(Dataset excerpt):

'''

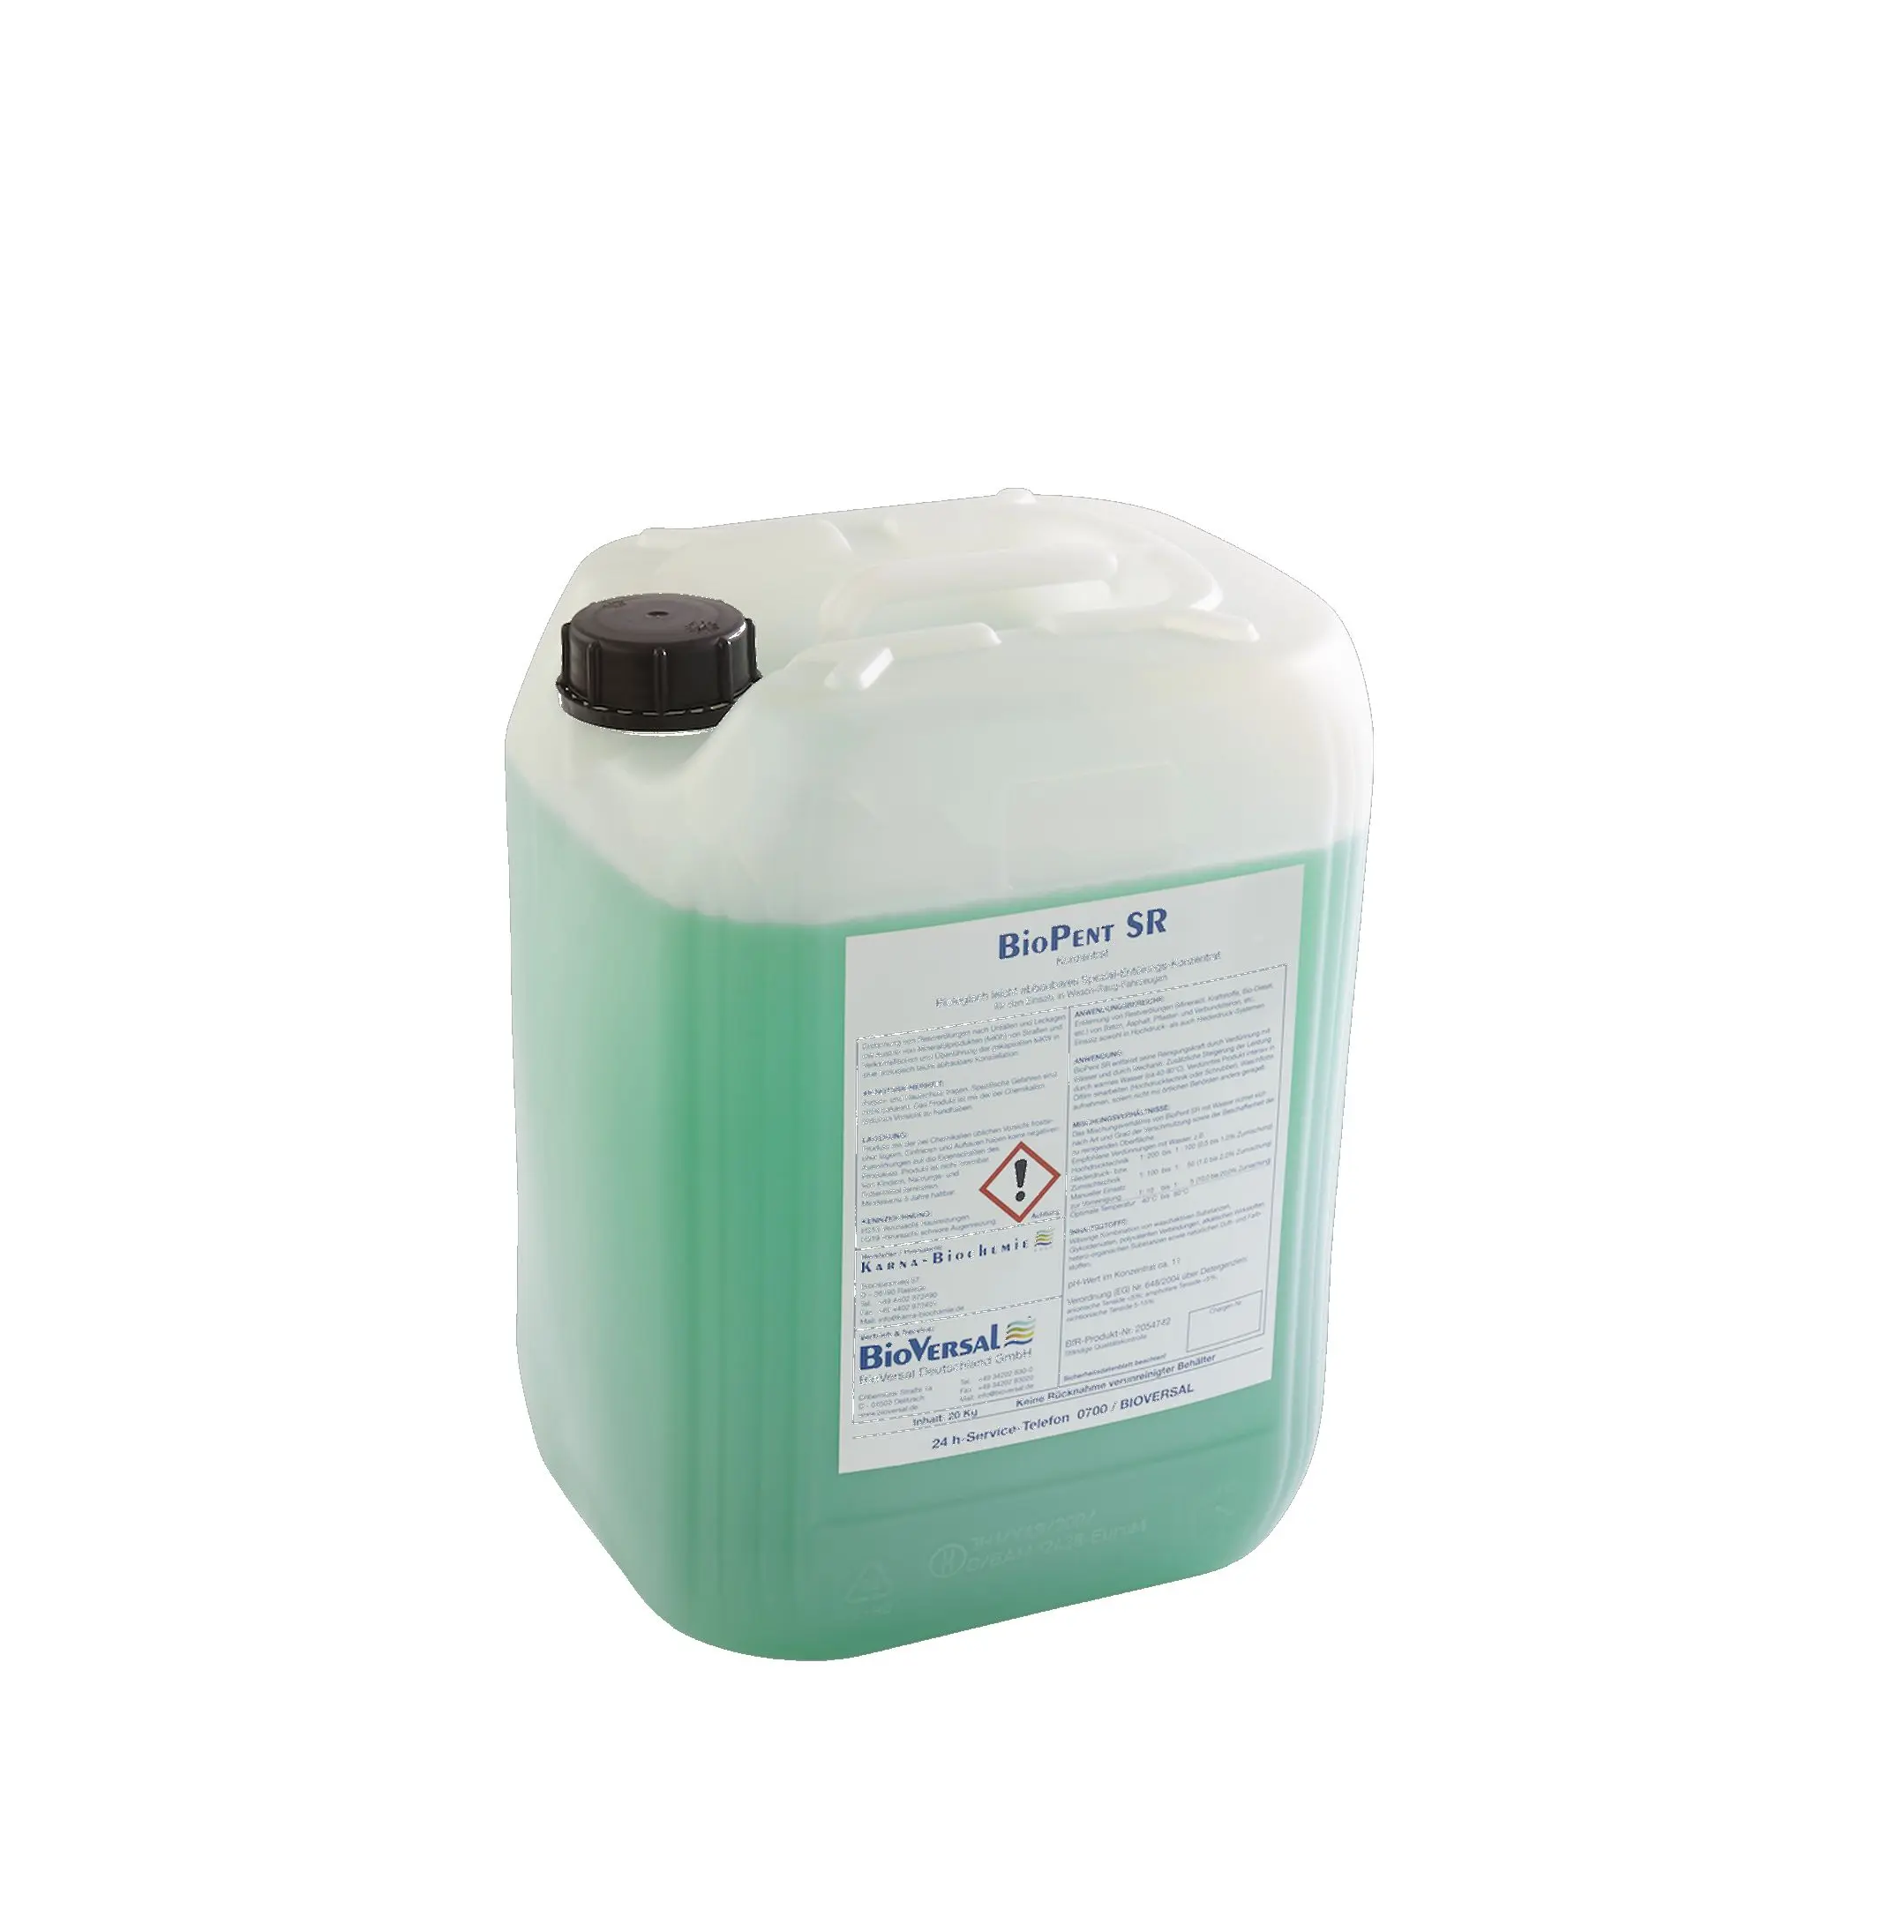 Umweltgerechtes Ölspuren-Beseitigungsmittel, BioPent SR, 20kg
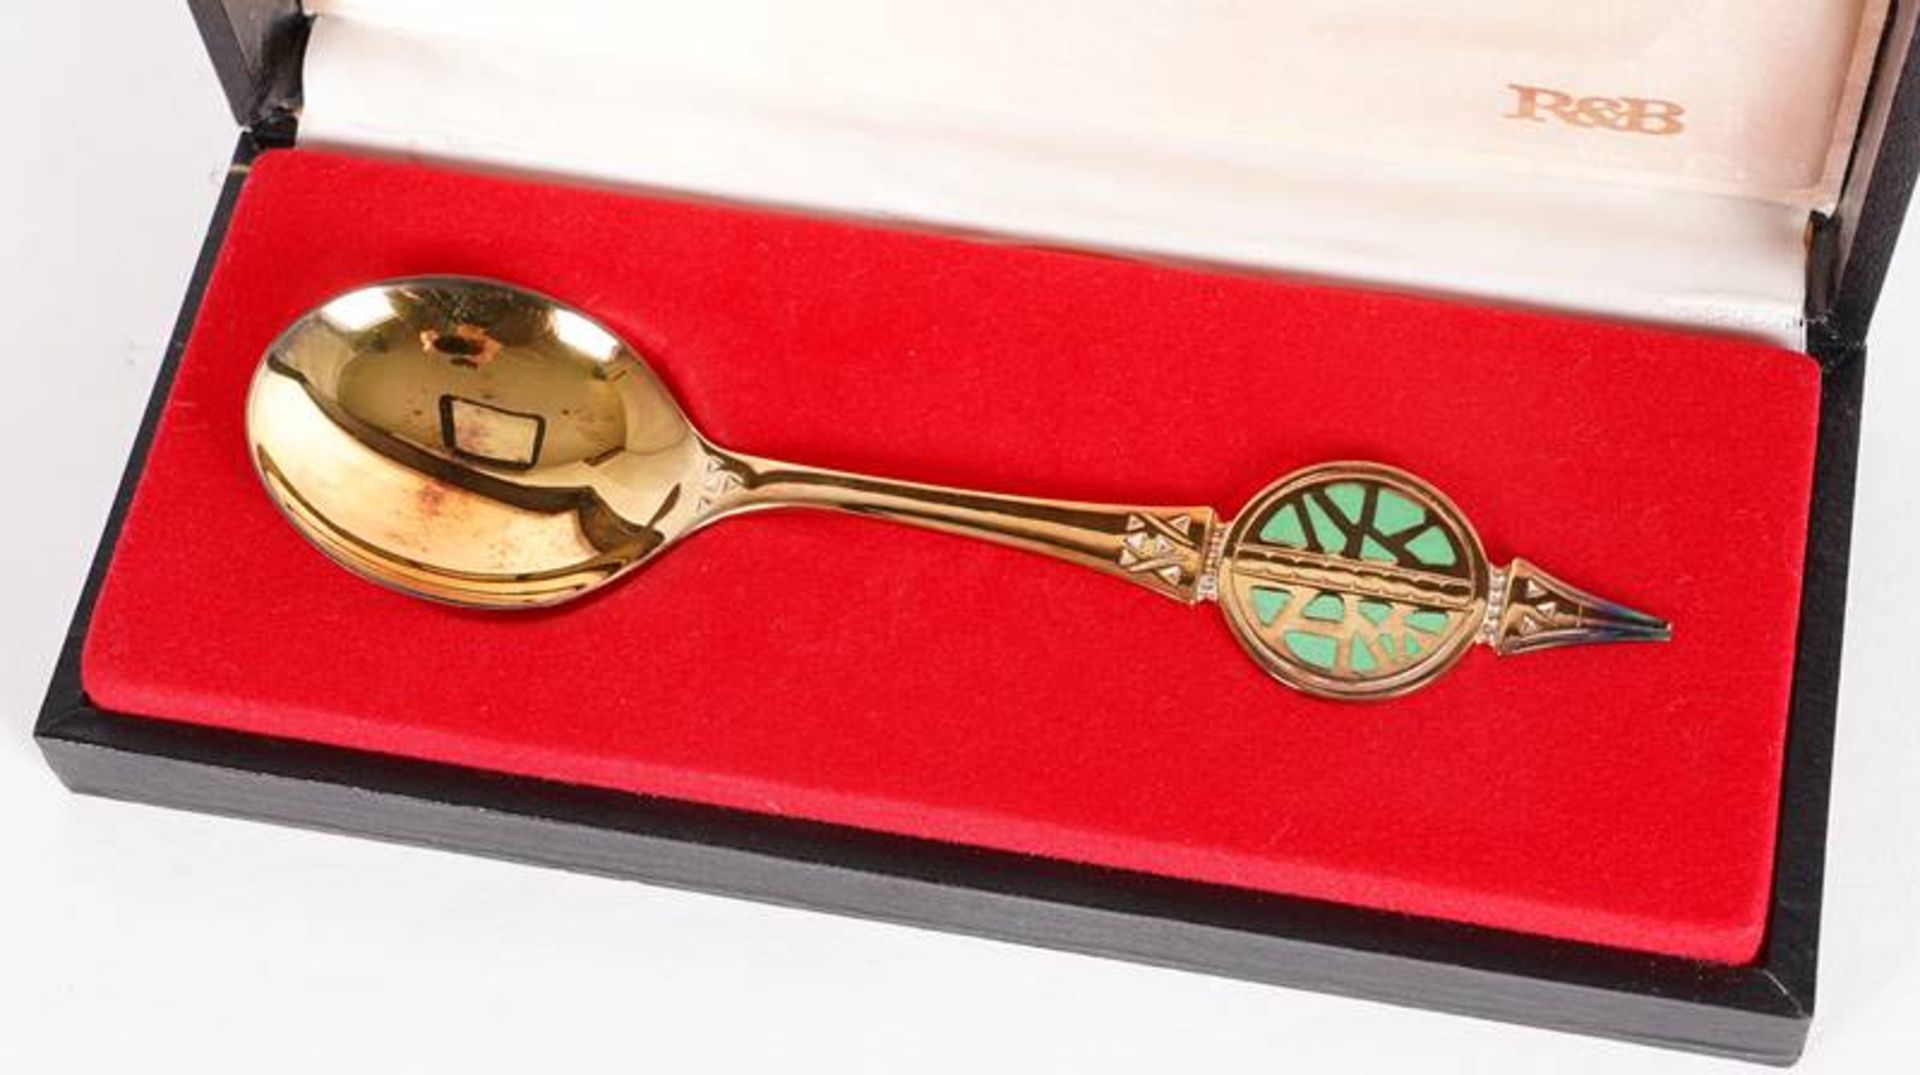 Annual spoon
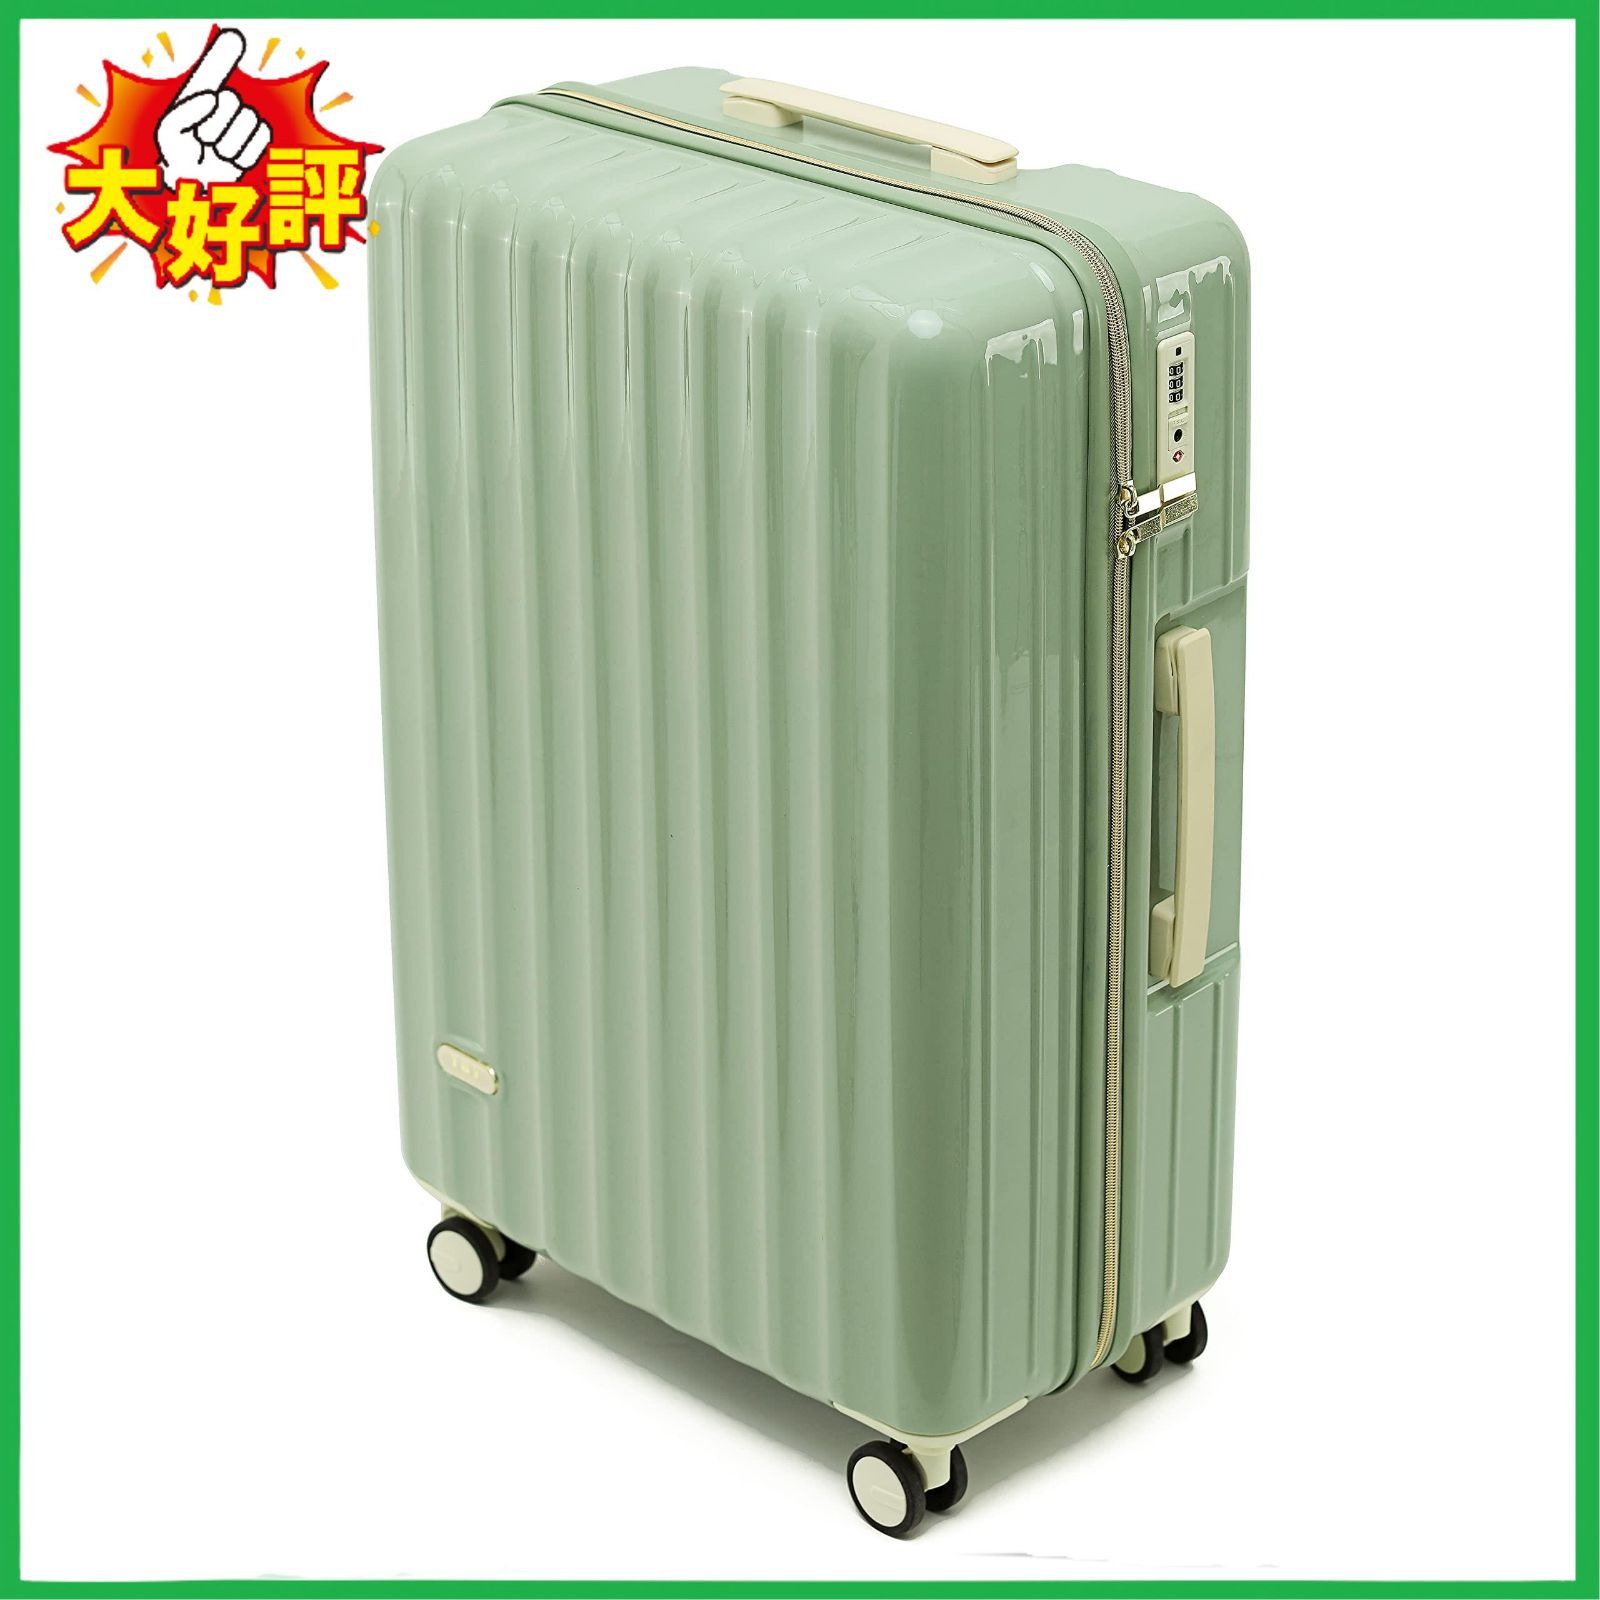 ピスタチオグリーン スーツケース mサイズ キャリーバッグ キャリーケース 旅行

'''

(Activity): Going from the line holding "Annual spoon" to the last line of the data above, reproduce every line exactly, both included, with the pictures omitted.

(Output for this exercise):
 Annual spoon
 ピスタチオグリーン スーツケース mサイズ キャリーバッグ キャリーケース 旅行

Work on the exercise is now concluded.